Prorpio a questo periodo risale la polemica tra Malatesta e Ciancabilla (vedi capitolo seguente) e il suo avvicinamento al pensiero kropotkiniano, di cui fu un diffusore, grazie alla prima traduzione italiana del classico La conquista del pane.
L'ultimo periodo della sua vita lo svolse tra Chicago e San Francisco dove diresse la "Protesta Umana", connobbe Gaetano Bresci e difese l'attentatore del presidente statuinitense McKinley, Leone Czolgosz, che gli costòr alcuni mesi in carcere.
Morì il 15 settembre 1904, a soli trentadue anni, nella città di San Francisco, negli USA.
[modifica] Polemica con Malatesta
Ciancabilla scriveva nel 1899, sul giornale L'Aurora stampato a West-Hoboken nel New Jersey, mentre infiammava la polemica sull'organizzazione che vedeva diviso il movimento anarchico tra i sostenitori della libertà individuale e assoluta, ed i malatestiani che svilupparono nel giornale "La Questione Sociale" la tesi della necessità di una organizzazione del movimento, che possedesse, secondo Malatesta, pur ripudiando la rigida struttura gerarchica, quel minimo di organizzazione indispensabile per condurre avanti con continuità una determinata linea politica.
In quegli anni, infatti, gli anarchici, a differenza dei socialisti, non disponevano della minima organizzazione: non avevano una federazione, non avevano tessere, non riconoscevano capi e respingevano il parlamentarismo.

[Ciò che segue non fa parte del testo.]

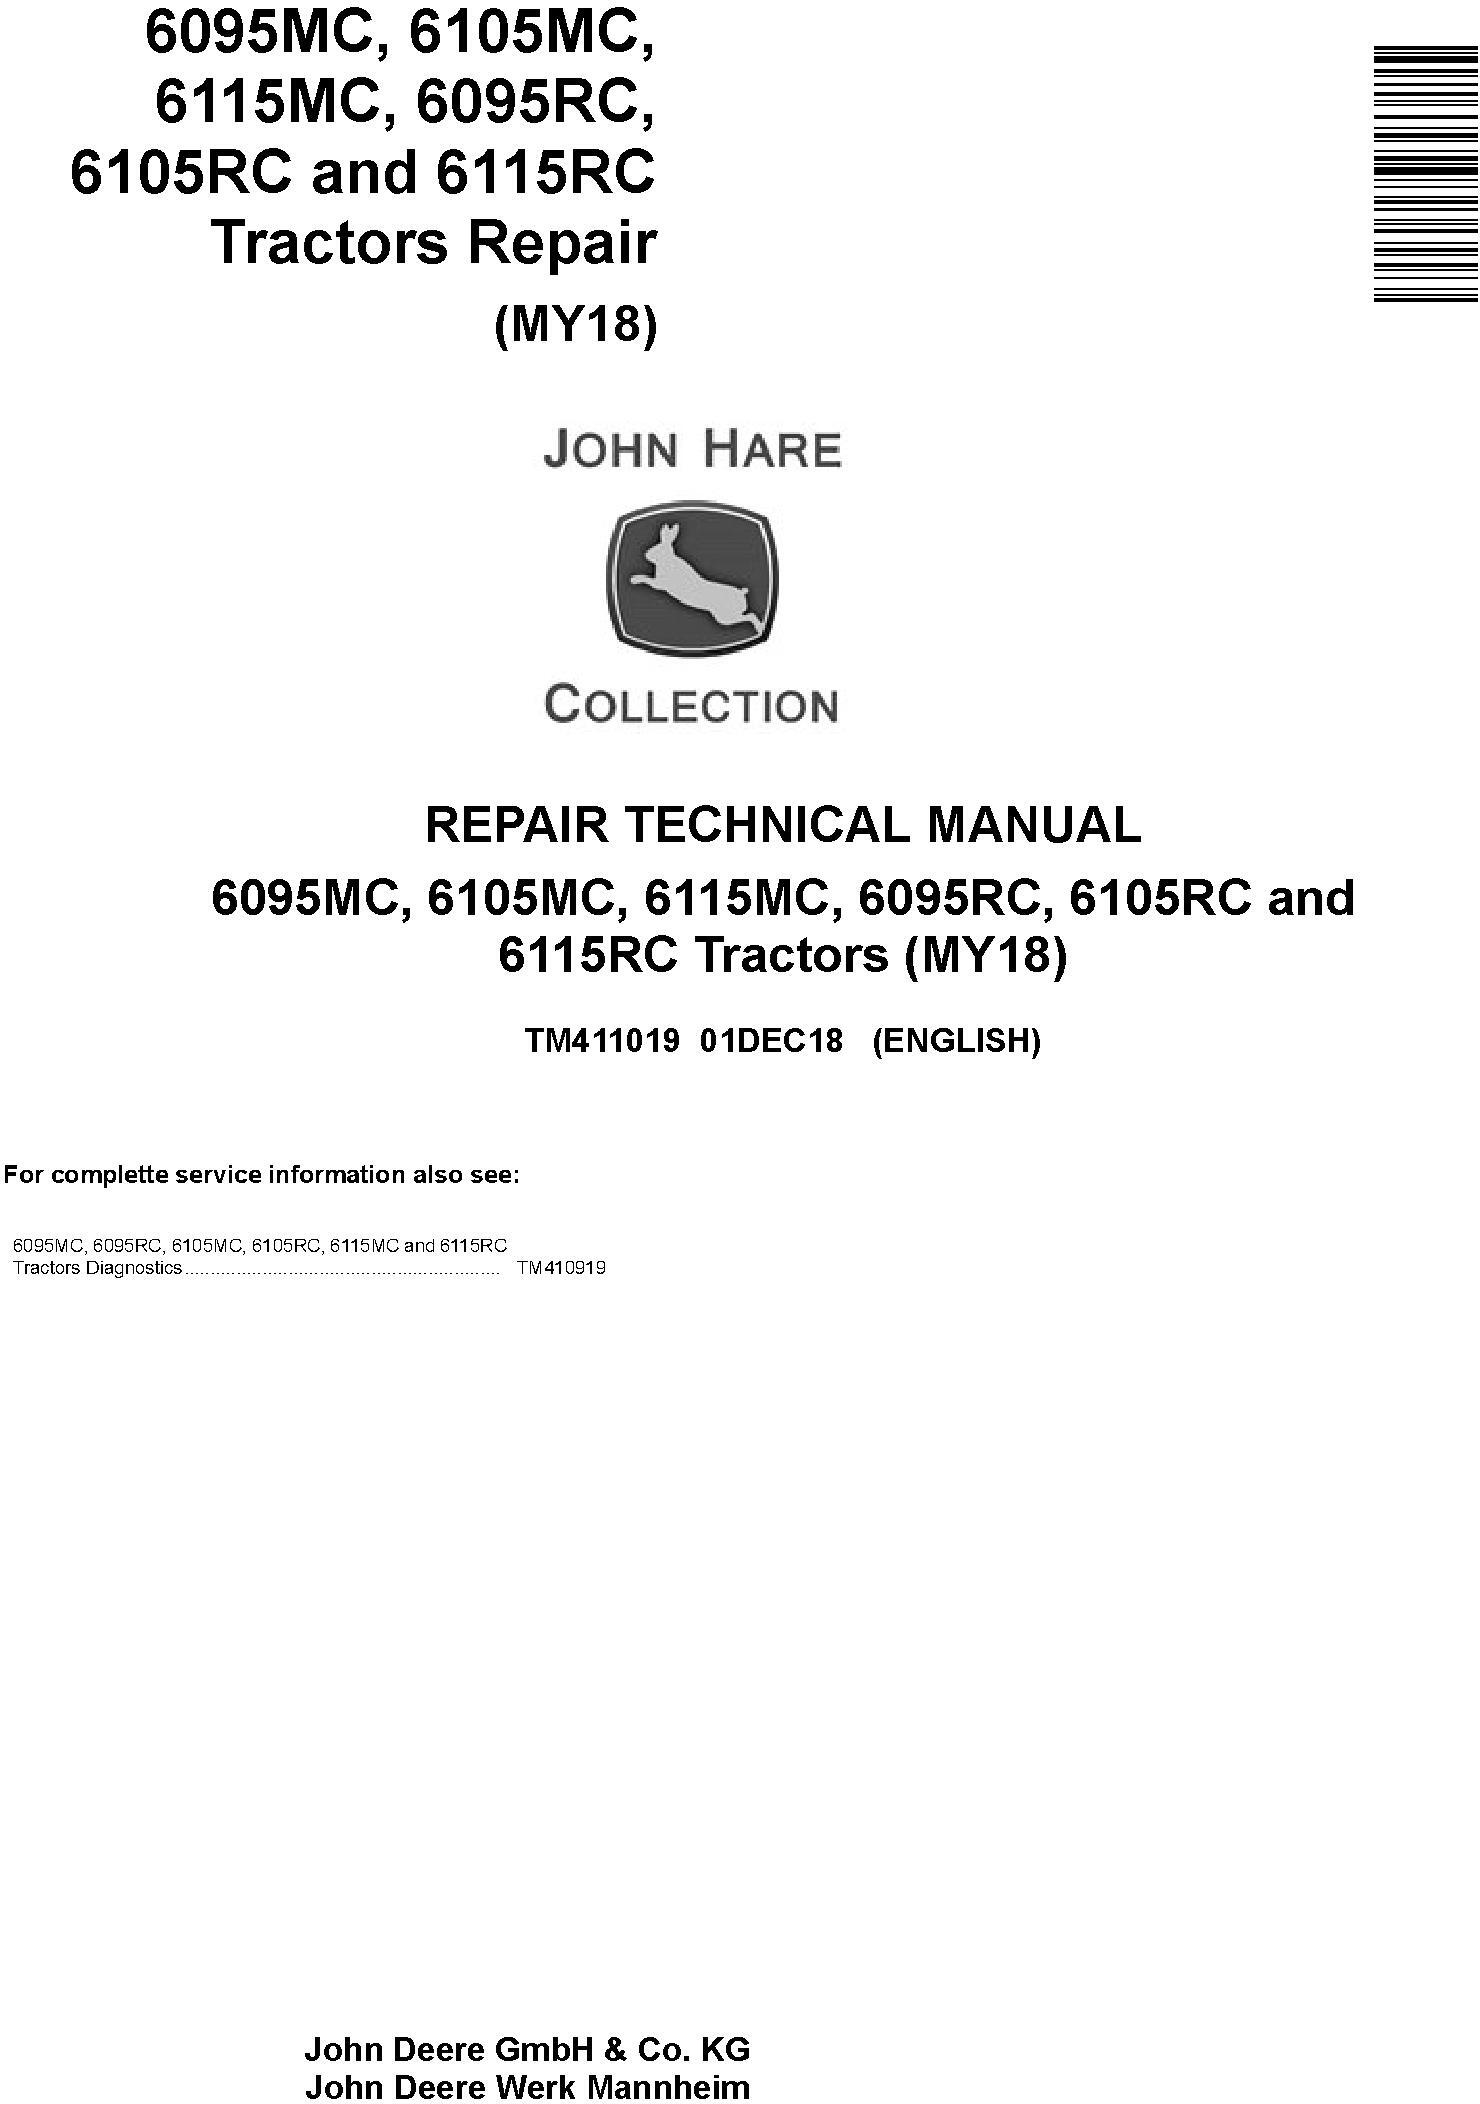 John Deere 6095MC to 6115RC Tractor Repair Technical Manual TM411019

Noi siamo uniti soltanto nella fede, dicevano.
[modifica] Citazioni sulla polemica
Ciancabilla, sull' "Aurora":
Noi siamo l'aristocrazia del proletariato. I cavalieri dell'Ideale. La massa dorme, i socialisti s'illudono. Lo sanno Pisacane, Carlo Cafiero, lo stesso Malatesta e tutti coloro che hanno preparato una rivoluzione di massa e che, al primo tentativo, si sono ritrovati in tre gatti di fronte al plotone o alla galera.
Malatesta, sulla "Questione Sociale":
L'organizzazione - che poi non è altro che la pratica della cooperazione e della solidarietà - è condizione naturale, necessaria alla lotta di classe: è un fatto ineluttabile che si mpone a tutti, tanto nella società umana in generale, quanto in qualsiasi gruppo di persone che hanno uno scopo comune da raggiungere.
Ciancabilla:
Siamo nemici di ogni forma di organizzazione perchè respingiamo ogni forma di autorità. Noi dobbiamo dare l'assalto allo Stato non per prendere il posto dei borghesi, ma per distruggerlo completamente.
Malatesta:
L'errore fondamentale degli anarchici avversari dell'organizzazione è il credere che non sia possibile organizzare senza autorità, e preferire - ammessa questa ipotesi - la rinuncia a qualsiasi organizzazione piuttosto che accettare la minima autorità.
Ciancabilla:
Gli anarchici devono obbedire soltanto al proprio impulso. L'impulso è il sentimento naturale più naturale dell'uomo libero. Noi esaltiamo l'individuo generoso che, obbedendo al proprio impulso, sorge solo, minaccioso, per colpire nel suo più vivo bersaglio la tirannia borghese. Celebri attentatori come Ravachol, Henry, Sante Caserio, Michele Angiolillo, Luigi Luccheni, costituiscono gli esempi più fulgidi della lotta individualista.